– Мейзи, пойдём со мной, и я покажу тебе, как велик мир. Работа всё одно, что хлеб насущный – это ясно само собой. Но постарайся понять, ради чего ты работаешь. Я знаю райские уголки, куда мог бы тебя взять, – хотя бы маленький архипелаг южнее экватора. Плывёшь туда по штормовым волнам много недель, и океанская глубь черна, а ты, словно вперёдсмотрящий, глядишь вдаль изо дня в день, и, когда видишь, как восходит солнце, становится страшно – так пустынен океан.
– Но кому же все-таки становится страшно – тебе или солнцу?
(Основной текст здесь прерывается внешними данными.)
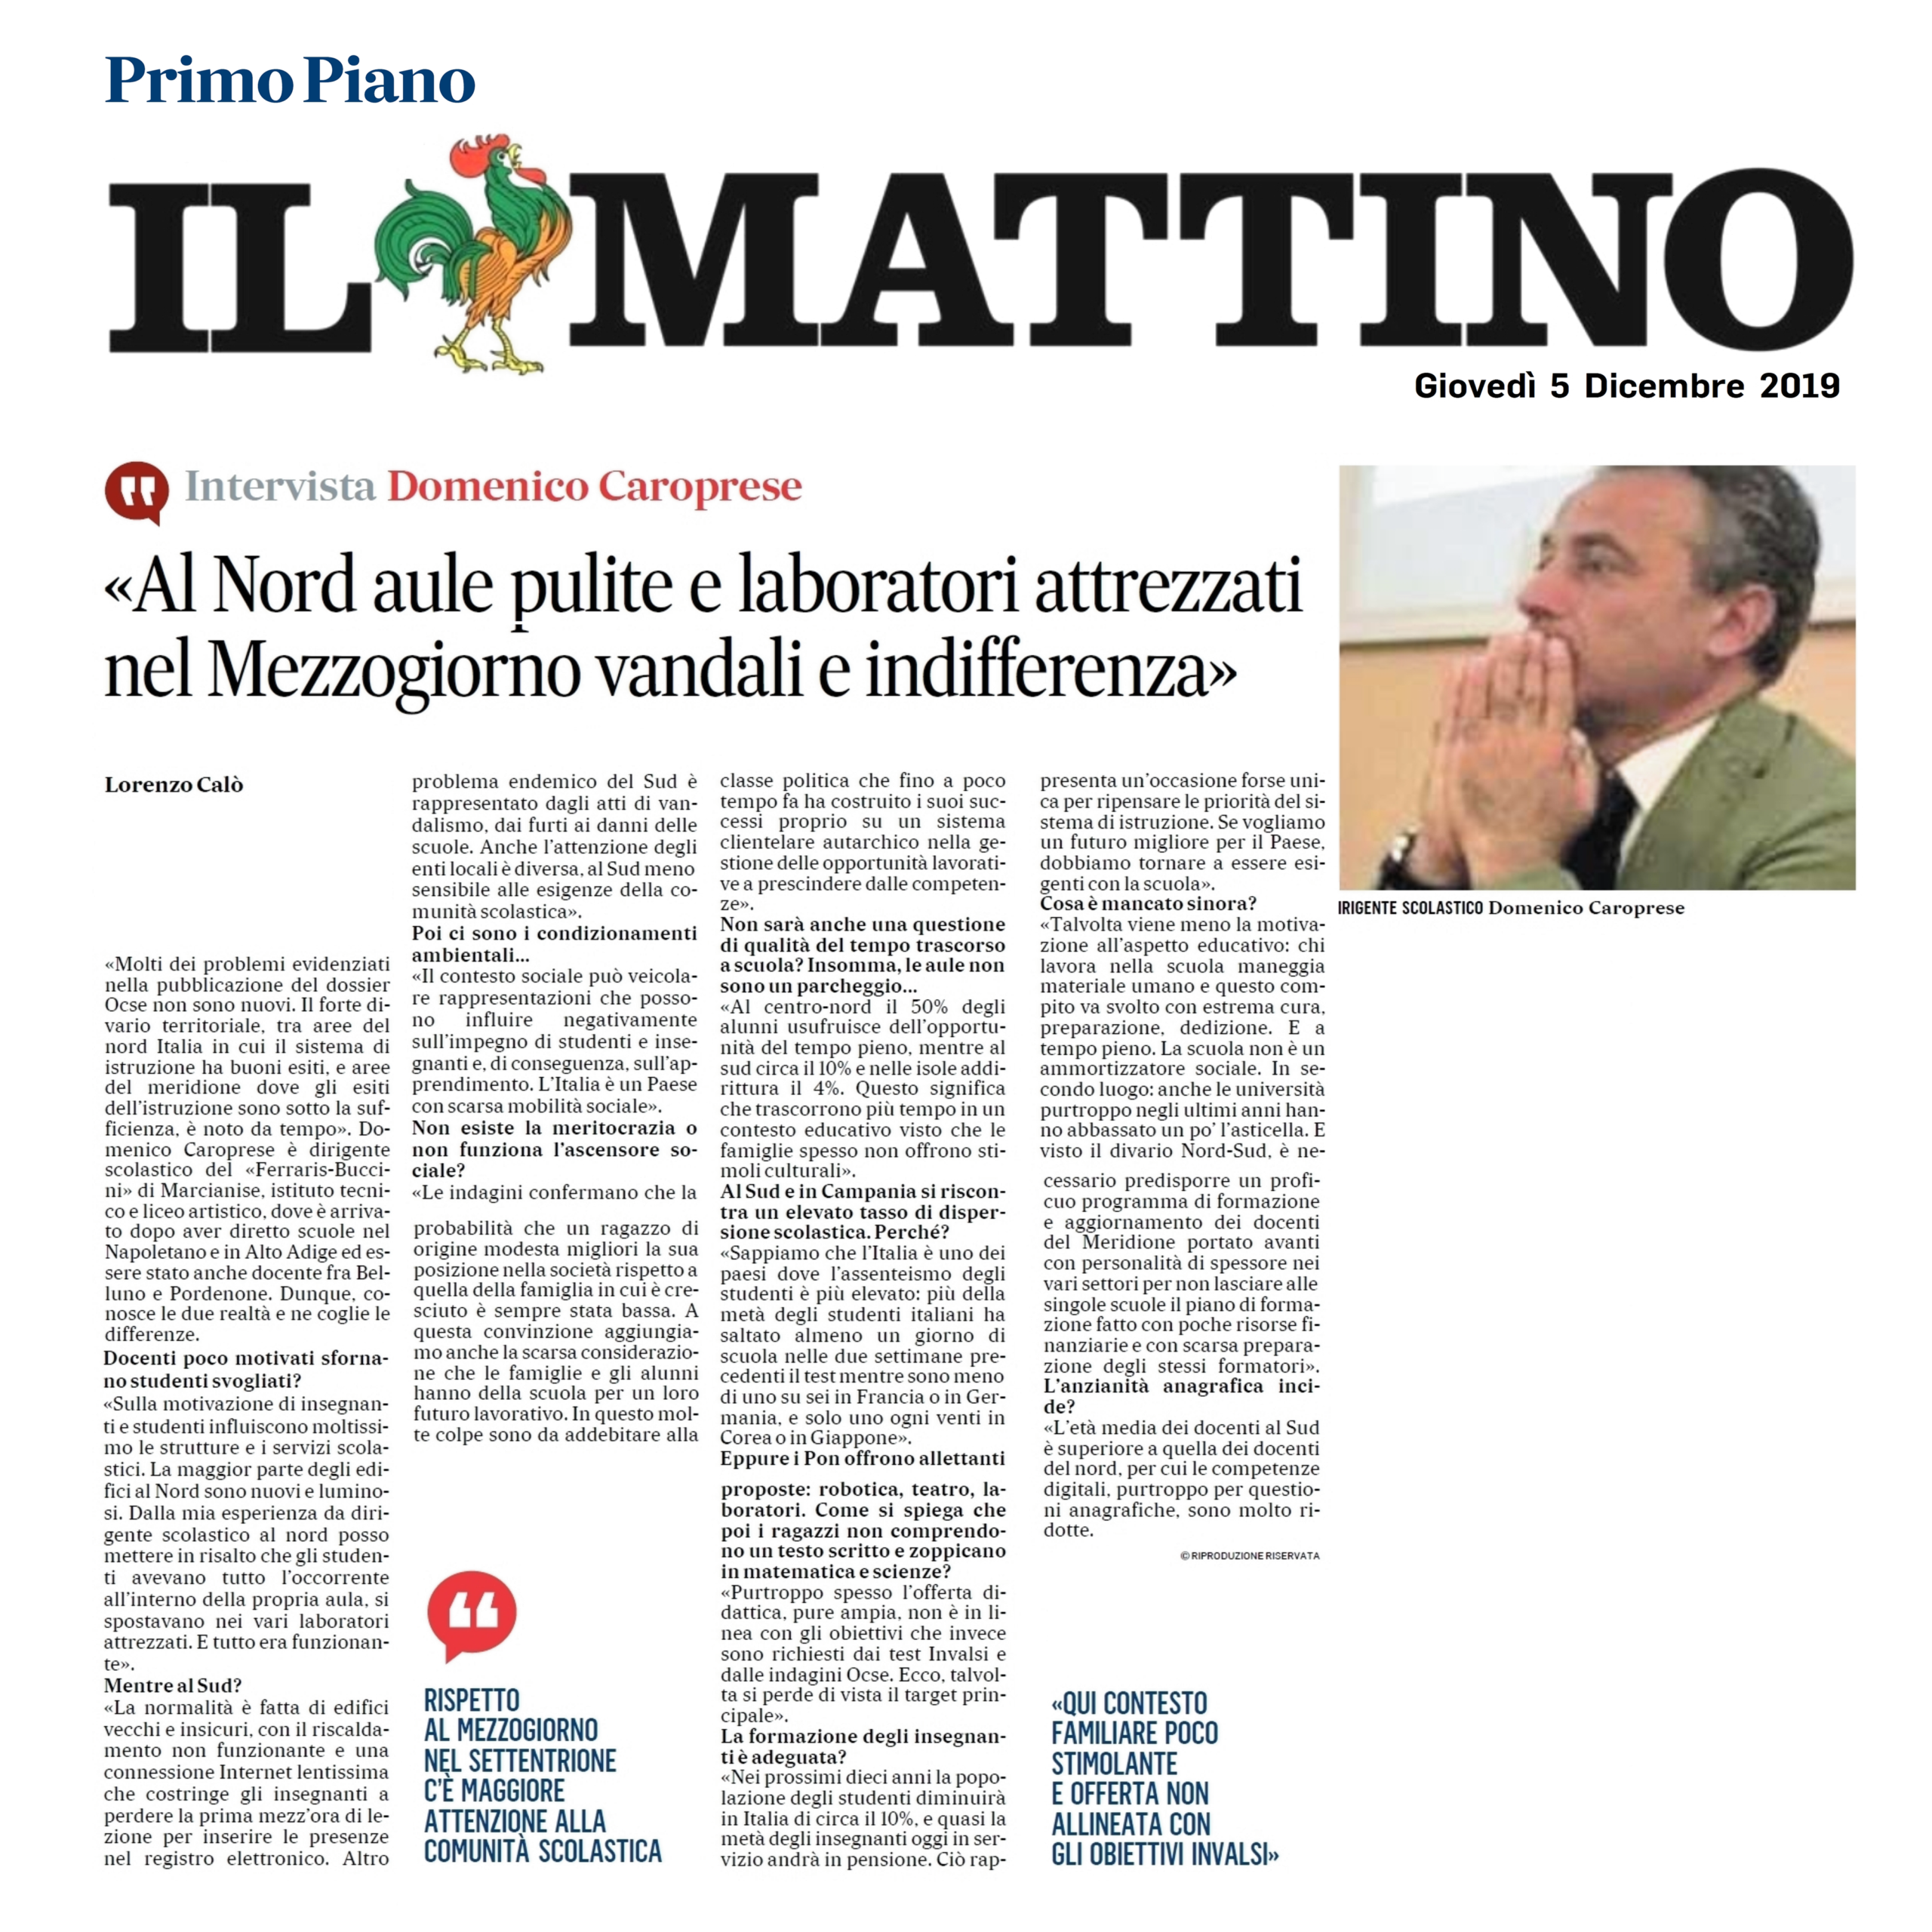 ilMattino_Intervista-Caroprese

– Солнцу, само собой. А в океанской пучине раздаётся гул, и с небес тоже доносятся какие-то звуки. На острове растут орхидеи, которые смотрят на тебя так выразительно, разве только сказать ничего не умеют. Там, с высоты трехсот футов, обрушивается водопад, и прозрачно-зеленые его струи увенчаны кружевной серебристой пеной; в скалах роятся миллионы диких пчёл; и с пальм, глухо ударяясь оземь, падают крупные кокосовые орехи; и ты приказываешь служанке с кожей цвета слоновой кости подвесить меж дерев длинный жёлтый гамак, украшенный, словно спелый маис, пышными кистями, и ложишься в него, и слушаешь, как жужжат пчелы и шумит водопад, и засыпаешь под этот шум…
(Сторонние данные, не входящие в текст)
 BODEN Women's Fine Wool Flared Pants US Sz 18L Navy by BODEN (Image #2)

Это показалось красивым, хотя так, конечно, не бывает (после наглого вранья херсонесской гадалки Ахматова научилась более трезво смотреть на подобные жизненные возможности). Что же касается Гумилёва, то Ахматова вскоре с удивлением обнаружила в себе некоторую зависимость от их встреч и литературных бесед. Следовало признать, что только с ним можно было теперь так же долго и увлечённо беседовать о книгах и стихах, как она уже привыкла летом в Одессе беседовать с Фёдоровым и его гостями. Правда, в отличие от Фёдорова, Гумилёв не рассыпался в комплиментах, не клялся поминутно в вечной любви и, чинно шагая рядом по аллеям Екатерининского парка, не обнаруживал ровно никаких признаков страсти – лишь в загадочно-неправильных чертах иконописного лица, мелькало иногда что-то лукавое, азиатское.
Наступал вечер. Позади остались Адмиралтейство и Турецкие бани, в которых никогда не мылись ни турки, ни русские; где-то вдали, за деревьями, вдоль Парковой улицы сияли электрические фонари. Башня чернела перед ними, заслоняя громадой своих живописно обрушенных стен и земляного вала матово-синее чистое осеннее небо:
– Похоже на дворец великанов…
Через циклопическую арку бредового создания Фельтена[206]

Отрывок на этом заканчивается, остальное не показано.